Technology is evolving at an incredible pace, and now the world is in the midst of another revolution: Generative AI. This isn't just for tech experts anymore; it's a field that has truly democratized AI, putting powerful capabilities into the hands of everyone. From creating art to drafting emails, people and businesses are adopting these applications faster than ever.
But as with any powerful technology, there are challenges. One might have experienced a frustrating delay when a chatbot is "thinking" or a smart assistant takes too long to respond. That's latency, and it's a common problem with applications that rely on large language models. The constant stream of API calls and high token usage can make these tools sluggish and expensive to run. So, how can we ensure these amazing tools are optimised for speed and affordable? The answer lies in a technique called Tracing. In this blog, the we will dive into what tracing is, how it works, and how it can help build more efficient and reliable AI applications.

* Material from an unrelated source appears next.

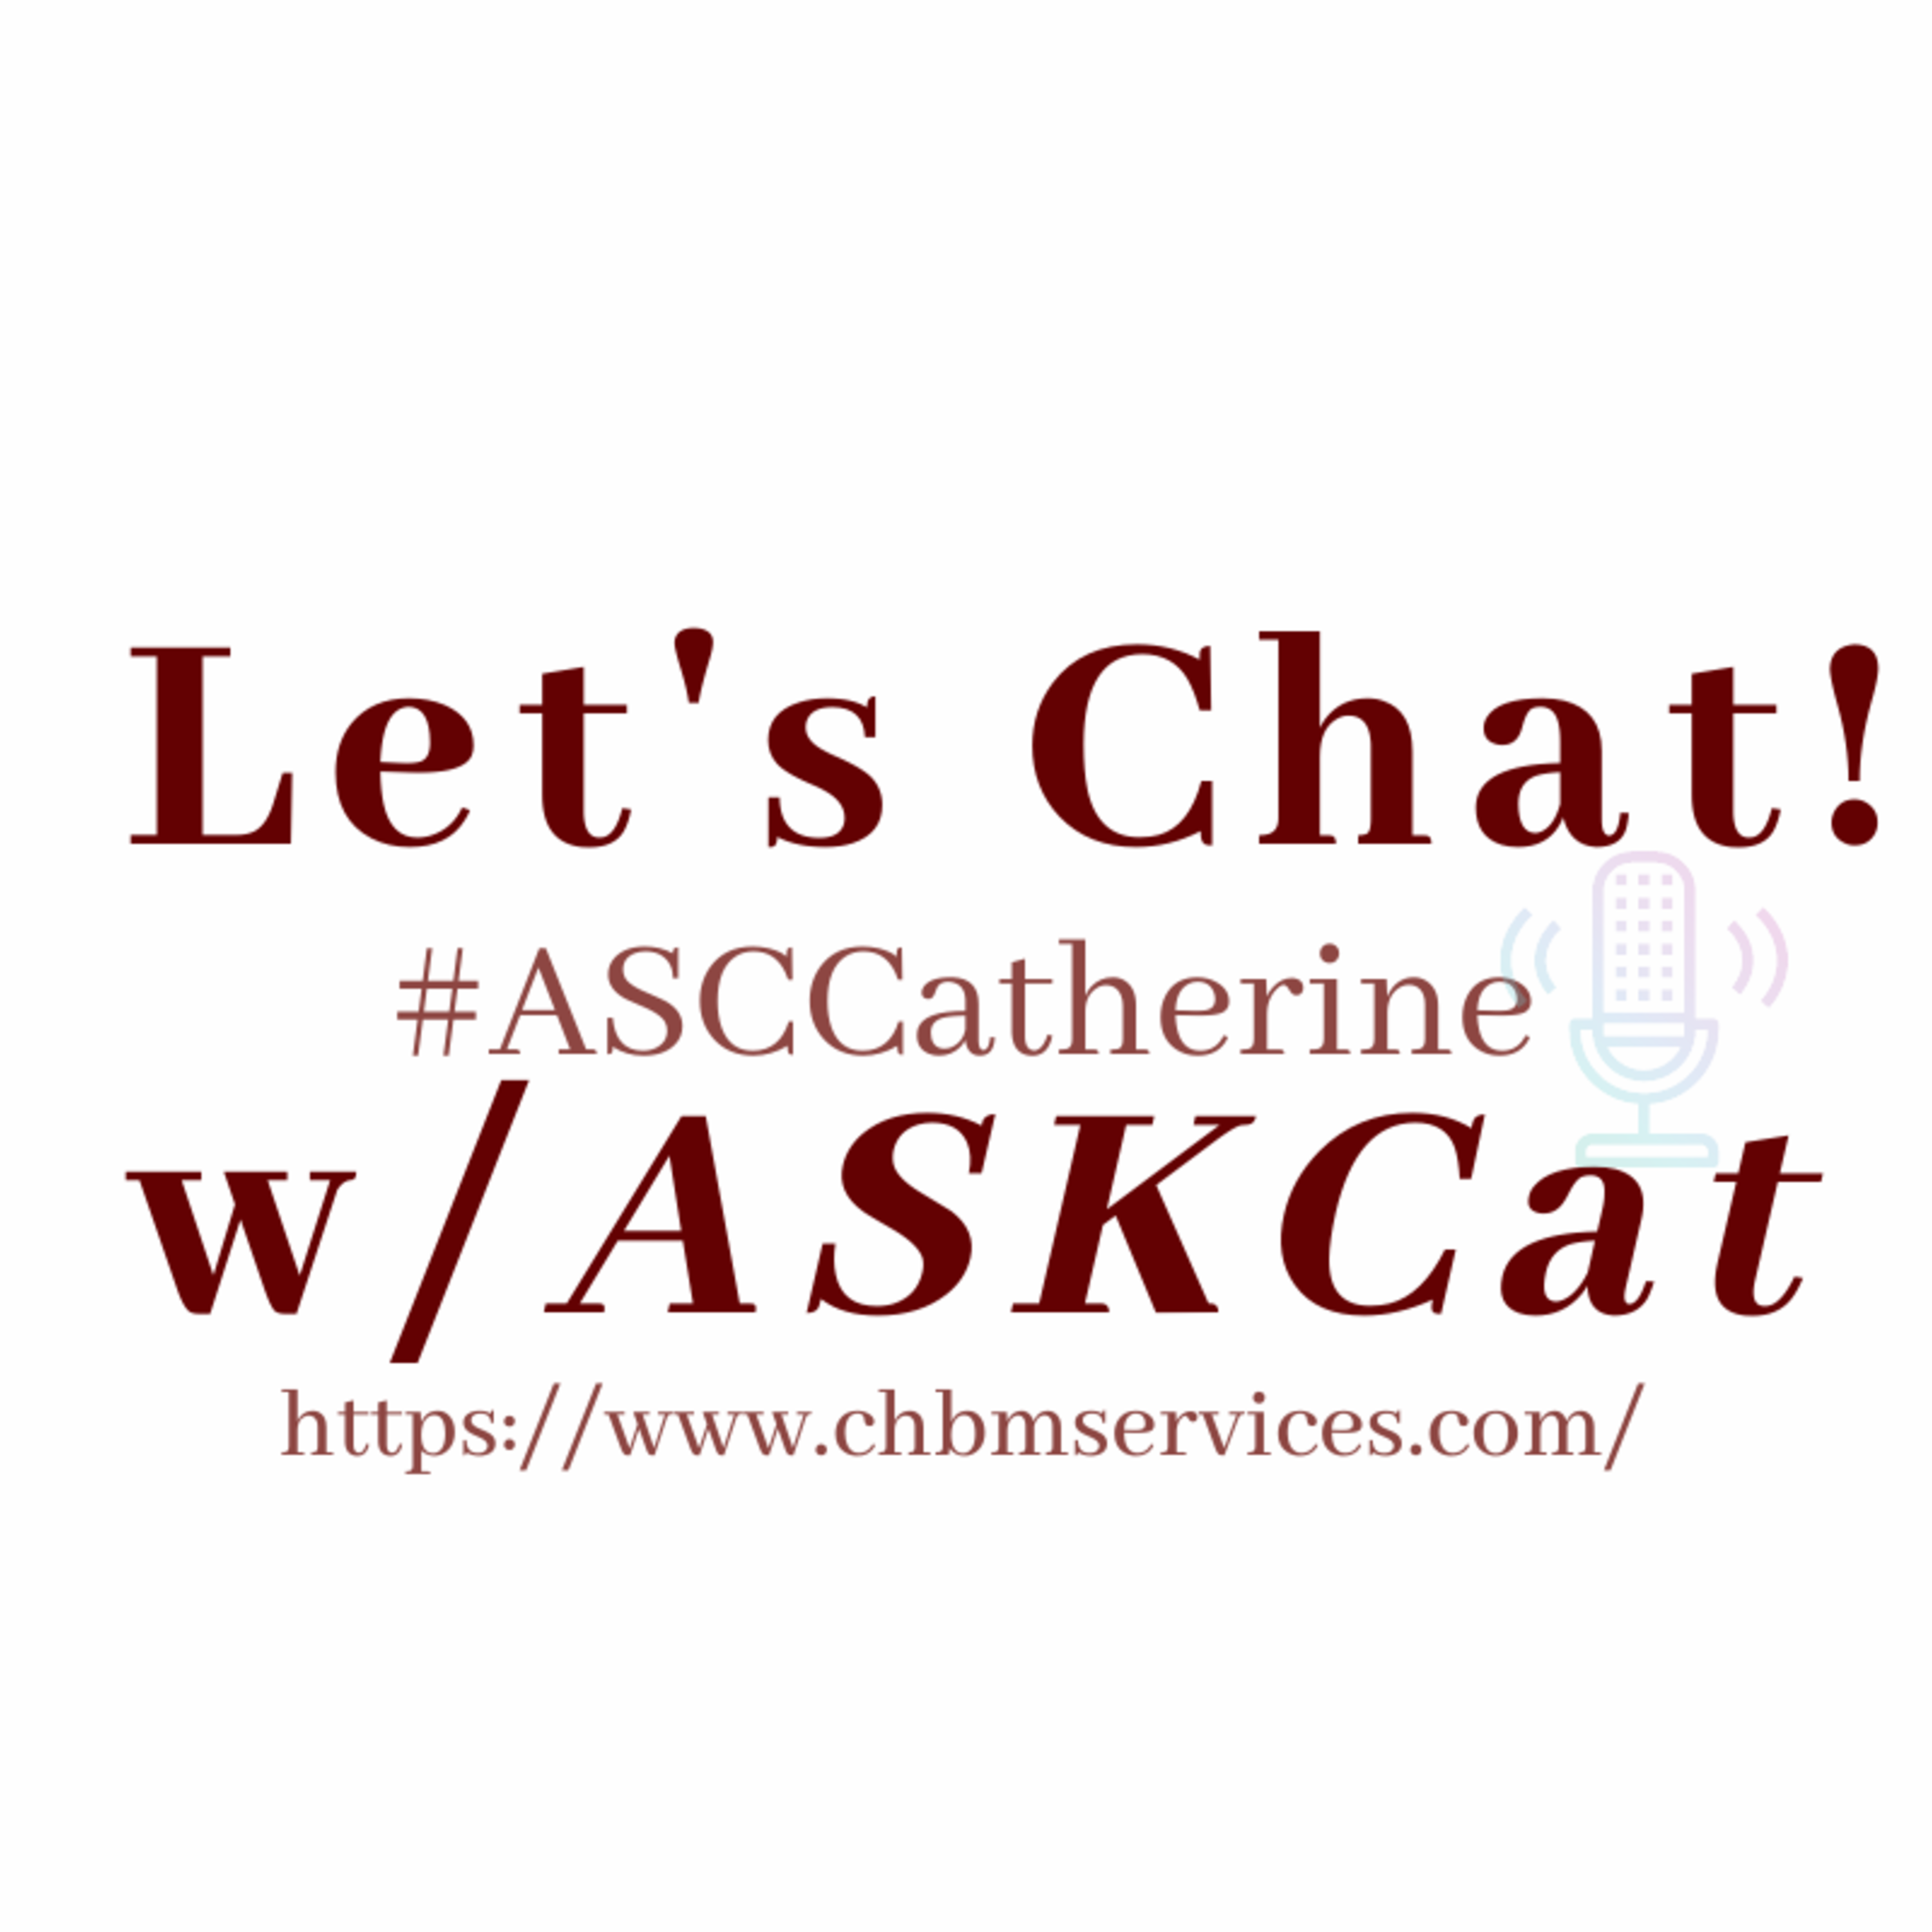 "Let's Chat" w/ASK Cat

Tracing is the process of monitoring and logging the step-by-step execution of an LLM's workflow, including inputs, intermediate steps (like model calls and tool usage), and final outputs. It provides developers with a granular view into the LLM's decision-making process, enabling them to debug issues, optimize performance and costs, and understand how a particular response was generated. Tracing captures details like token usage, latency, model parameters, retrieved documents, and function calls within a detailed timeline of the LLM's request flow.
It's like a flight recorder for the code, offering a clear view into the inner workings of application, from the user's initial request to the final generated response. For any developer or organization building with LLMs, understanding and implementing tracing is no longer a luxury—it's a necessity.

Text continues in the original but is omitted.